Task material ::

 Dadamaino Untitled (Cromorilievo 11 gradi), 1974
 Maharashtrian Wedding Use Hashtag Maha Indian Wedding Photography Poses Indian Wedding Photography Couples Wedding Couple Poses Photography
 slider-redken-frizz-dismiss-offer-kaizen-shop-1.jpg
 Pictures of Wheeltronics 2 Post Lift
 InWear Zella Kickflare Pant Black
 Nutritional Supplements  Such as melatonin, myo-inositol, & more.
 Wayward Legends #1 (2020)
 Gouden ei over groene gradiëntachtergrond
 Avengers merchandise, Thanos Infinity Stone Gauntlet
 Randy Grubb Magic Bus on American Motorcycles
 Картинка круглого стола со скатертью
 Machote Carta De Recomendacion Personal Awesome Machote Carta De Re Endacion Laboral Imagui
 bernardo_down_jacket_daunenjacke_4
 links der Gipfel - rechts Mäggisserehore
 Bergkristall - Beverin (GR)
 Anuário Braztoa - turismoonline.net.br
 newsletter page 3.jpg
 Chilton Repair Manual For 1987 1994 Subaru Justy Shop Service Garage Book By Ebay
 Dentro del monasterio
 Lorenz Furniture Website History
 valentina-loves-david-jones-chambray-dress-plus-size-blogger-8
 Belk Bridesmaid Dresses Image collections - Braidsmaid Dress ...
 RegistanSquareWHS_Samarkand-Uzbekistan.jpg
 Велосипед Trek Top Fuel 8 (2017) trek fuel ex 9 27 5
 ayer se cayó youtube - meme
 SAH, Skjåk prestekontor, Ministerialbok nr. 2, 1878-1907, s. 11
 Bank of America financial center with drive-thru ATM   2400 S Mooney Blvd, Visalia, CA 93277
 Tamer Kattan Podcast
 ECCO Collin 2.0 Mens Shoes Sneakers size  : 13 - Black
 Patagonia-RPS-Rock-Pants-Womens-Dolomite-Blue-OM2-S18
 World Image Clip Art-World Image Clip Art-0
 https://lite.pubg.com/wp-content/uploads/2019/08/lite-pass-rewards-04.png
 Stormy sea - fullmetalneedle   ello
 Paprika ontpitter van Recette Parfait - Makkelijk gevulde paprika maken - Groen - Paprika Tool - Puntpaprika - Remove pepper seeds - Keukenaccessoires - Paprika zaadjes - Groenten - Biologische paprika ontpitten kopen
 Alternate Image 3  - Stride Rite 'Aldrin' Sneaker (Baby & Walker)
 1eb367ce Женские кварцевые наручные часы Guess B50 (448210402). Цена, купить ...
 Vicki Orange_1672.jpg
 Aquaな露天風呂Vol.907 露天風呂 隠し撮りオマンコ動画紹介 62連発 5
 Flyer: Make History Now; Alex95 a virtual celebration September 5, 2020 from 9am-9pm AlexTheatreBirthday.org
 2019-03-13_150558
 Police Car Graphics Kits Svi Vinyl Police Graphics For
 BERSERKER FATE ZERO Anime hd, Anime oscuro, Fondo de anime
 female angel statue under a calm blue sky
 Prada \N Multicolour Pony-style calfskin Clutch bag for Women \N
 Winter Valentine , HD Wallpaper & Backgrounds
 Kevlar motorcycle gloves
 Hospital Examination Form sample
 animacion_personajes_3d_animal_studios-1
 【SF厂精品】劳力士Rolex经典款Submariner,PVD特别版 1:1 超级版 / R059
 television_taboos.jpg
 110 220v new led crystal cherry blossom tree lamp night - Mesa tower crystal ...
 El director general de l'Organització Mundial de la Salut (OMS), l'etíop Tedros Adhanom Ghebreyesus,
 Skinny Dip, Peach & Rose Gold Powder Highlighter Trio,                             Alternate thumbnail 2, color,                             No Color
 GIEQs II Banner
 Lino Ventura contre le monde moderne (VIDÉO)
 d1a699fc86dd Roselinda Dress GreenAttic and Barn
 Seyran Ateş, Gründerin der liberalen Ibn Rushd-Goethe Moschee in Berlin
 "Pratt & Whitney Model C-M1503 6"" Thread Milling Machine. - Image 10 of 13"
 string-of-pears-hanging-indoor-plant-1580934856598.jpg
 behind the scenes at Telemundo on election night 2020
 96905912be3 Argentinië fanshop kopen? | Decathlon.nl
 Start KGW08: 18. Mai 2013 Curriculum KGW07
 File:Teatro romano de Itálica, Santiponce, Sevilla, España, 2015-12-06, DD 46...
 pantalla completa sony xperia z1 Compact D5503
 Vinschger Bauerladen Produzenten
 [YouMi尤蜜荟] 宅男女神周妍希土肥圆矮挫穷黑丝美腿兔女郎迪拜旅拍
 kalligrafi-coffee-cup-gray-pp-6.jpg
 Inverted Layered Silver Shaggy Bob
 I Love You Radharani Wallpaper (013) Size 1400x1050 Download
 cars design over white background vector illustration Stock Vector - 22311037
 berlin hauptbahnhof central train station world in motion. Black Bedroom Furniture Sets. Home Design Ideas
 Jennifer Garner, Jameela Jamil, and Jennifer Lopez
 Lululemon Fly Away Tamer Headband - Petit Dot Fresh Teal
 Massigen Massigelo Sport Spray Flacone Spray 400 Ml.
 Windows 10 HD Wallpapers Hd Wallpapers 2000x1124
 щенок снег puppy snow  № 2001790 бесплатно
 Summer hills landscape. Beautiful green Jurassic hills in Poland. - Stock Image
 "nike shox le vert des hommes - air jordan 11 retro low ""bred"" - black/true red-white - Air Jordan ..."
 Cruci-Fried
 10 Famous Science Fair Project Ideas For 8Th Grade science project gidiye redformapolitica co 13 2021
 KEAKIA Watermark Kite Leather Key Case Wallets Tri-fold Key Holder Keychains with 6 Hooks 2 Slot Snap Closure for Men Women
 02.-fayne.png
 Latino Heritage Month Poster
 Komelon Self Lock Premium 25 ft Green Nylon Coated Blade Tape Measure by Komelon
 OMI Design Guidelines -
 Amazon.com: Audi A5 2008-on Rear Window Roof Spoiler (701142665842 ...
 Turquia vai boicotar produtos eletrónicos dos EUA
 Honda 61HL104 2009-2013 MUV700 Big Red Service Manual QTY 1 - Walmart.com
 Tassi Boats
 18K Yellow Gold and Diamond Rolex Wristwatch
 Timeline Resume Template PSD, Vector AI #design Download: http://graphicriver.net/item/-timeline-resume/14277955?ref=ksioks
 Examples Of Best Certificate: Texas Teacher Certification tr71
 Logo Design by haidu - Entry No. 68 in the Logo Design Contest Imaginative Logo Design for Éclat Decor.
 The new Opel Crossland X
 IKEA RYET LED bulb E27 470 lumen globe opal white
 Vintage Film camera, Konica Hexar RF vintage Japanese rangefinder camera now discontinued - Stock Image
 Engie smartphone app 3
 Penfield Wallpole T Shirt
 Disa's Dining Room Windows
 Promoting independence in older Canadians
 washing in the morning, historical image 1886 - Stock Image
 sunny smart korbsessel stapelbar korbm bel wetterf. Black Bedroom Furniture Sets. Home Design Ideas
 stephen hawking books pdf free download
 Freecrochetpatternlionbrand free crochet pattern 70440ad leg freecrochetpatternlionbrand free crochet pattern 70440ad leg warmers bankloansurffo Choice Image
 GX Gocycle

Exercise prompt ::
Look above for the line with "110 220v new" and the line with "Lululemon Fly Away". Write out those two lines and all the lines between them, exactly, and no others.

Solution ::
 110 220v new led crystal cherry blossom tree lamp night - Mesa tower crystal ...
 El director general de l'Organització Mundial de la Salut (OMS), l'etíop Tedros Adhanom Ghebreyesus,
 Skinny Dip, Peach & Rose Gold Powder Highlighter Trio,                             Alternate thumbnail 2, color,                             No Color
 GIEQs II Banner
 Lino Ventura contre le monde moderne (VIDÉO)
 d1a699fc86dd Roselinda Dress GreenAttic and Barn
 Seyran Ateş, Gründerin der liberalen Ibn Rushd-Goethe Moschee in Berlin
 "Pratt & Whitney Model C-M1503 6"" Thread Milling Machine. - Image 10 of 13"
 string-of-pears-hanging-indoor-plant-1580934856598.jpg
 behind the scenes at Telemundo on election night 2020
 96905912be3 Argentinië fanshop kopen? | Decathlon.nl
 Start KGW08: 18. Mai 2013 Curriculum KGW07
 File:Teatro romano de Itálica, Santiponce, Sevilla, España, 2015-12-06, DD 46...
 pantalla completa sony xperia z1 Compact D5503
 Vinschger Bauerladen Produzenten
 [YouMi尤蜜荟] 宅男女神周妍希土肥圆矮挫穷黑丝美腿兔女郎迪拜旅拍
 kalligrafi-coffee-cup-gray-pp-6.jpg
 Inverted Layered Silver Shaggy Bob
 I Love You Radharani Wallpaper (013) Size 1400x1050 Download
 cars design over white background vector illustration Stock Vector - 22311037
 berlin hauptbahnhof central train station world in motion. Black Bedroom Furniture Sets. Home Design Ideas
 Jennifer Garner, Jameela Jamil, and Jennifer Lopez
 Lululemon Fly Away Tamer Headband - Petit Dot Fresh Teal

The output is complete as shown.